Jay Snowden, Penn Entertainment CEO, said the revenue figures were “solid” in a release Thursday morning.
“Customer demand in our core business was stable as properties not impacted by new supply grew revenue by nearly 4% year-over-year,” Snowden said. “Property-level performance was highlighted by theoretical revenue growth across all rated age and worth segments, as well as positive trends in unrated play, visitation, and spend per visit.”
Snowden added that “omnichannel engagement continues to benefit our results, with online to-retail player count and theoretical revenue growing year-over-year by 8% and 28%, respectively.”
Adjusted EBITDA was $236.1 million, compared to $212.1 million for the same period in 2024.
Net loss for the quarter was $18.3 million, compared to a loss of $27.1 million in second quarter 2024.
Penn repurchased 5,835,467 shares of its common stock in open market transactions for $90.3 million in the second quarter, at an average price of $15.47 per share.

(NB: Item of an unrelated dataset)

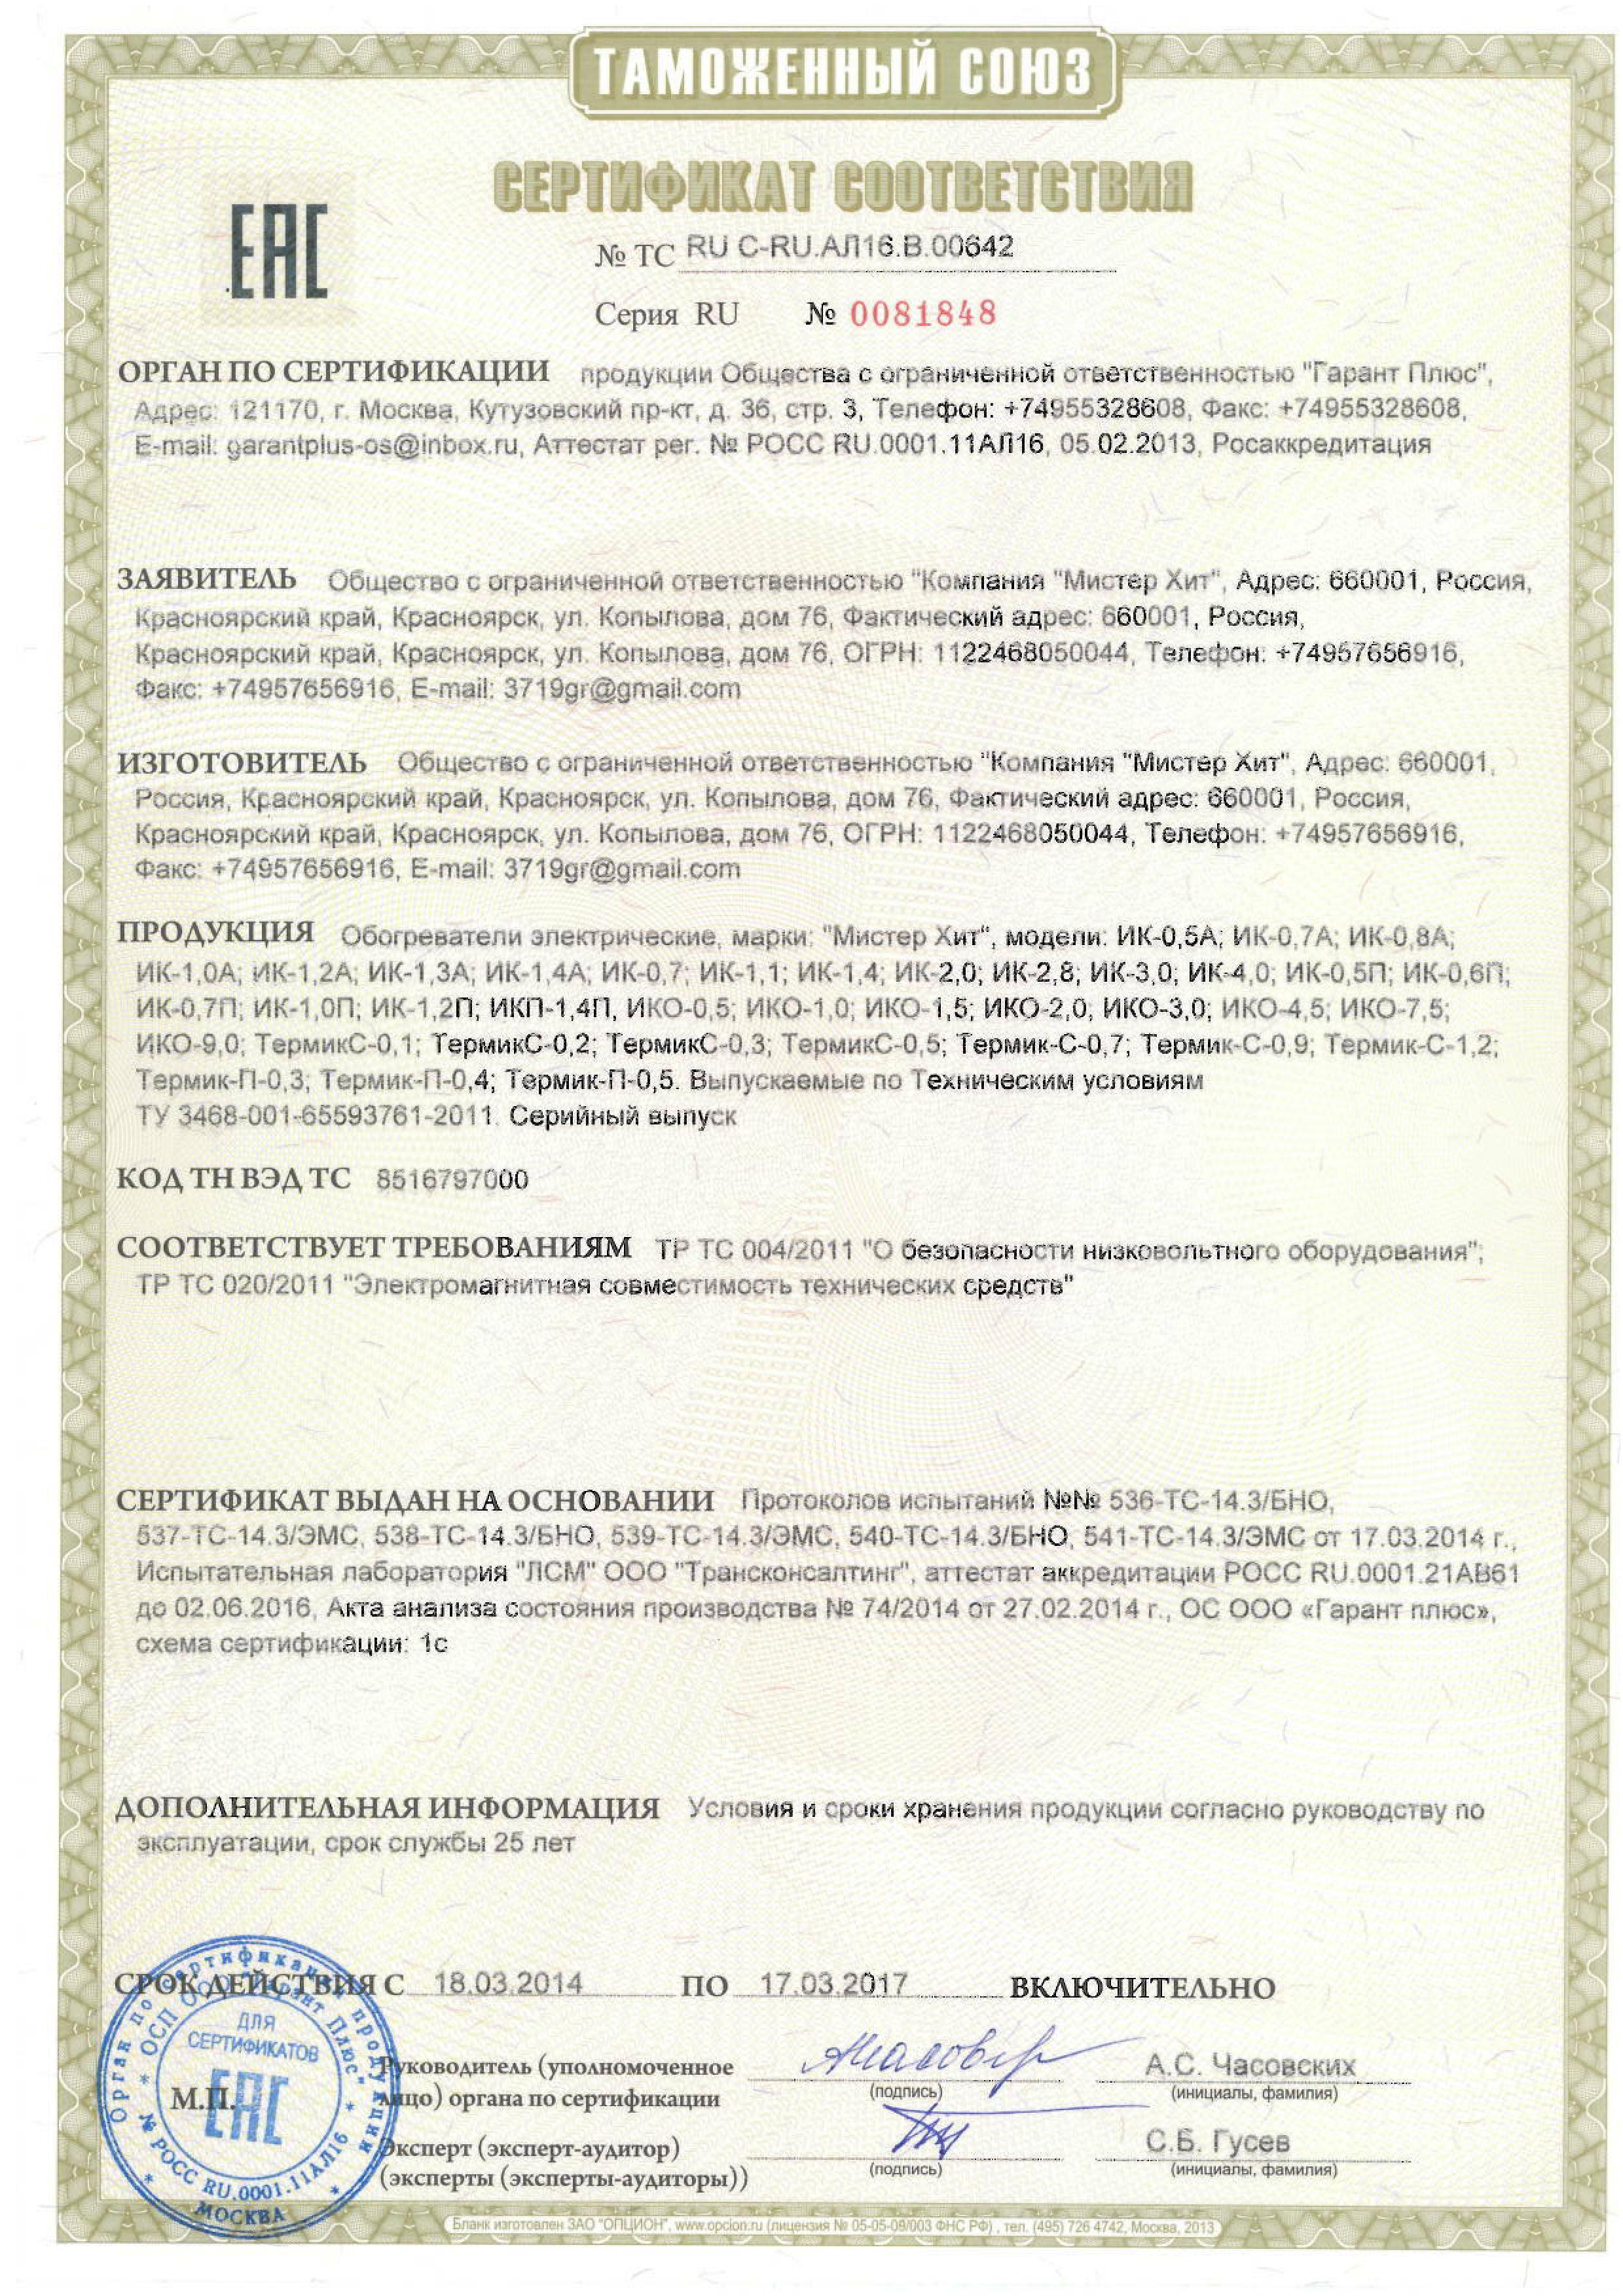 Сертификат соответствия на обогреватели Мистер-Хит

Penn Entertainment closed at $17.02 Wednesday, a loss of $0.37, or 2.13%. Segment Adjusted EBITDAR (Adjusted EBITDA plus rent expense associated with triple net operating leases) totaled $392.1 million for the quarter, compared to $367 million in second quarter 2024.
“The slightly better than expected land-based business coupled with the wider than expected loss in digital are generally offsetting and neutral for the shares, in our view,” Jefferies analyst David Katz wrote in a release Thursday. “The forthcoming catalyst pattern of new land-based projects coming online and expected progress in digital are reasonable to expect, but not yet enough to move the shares meaningfully higher.”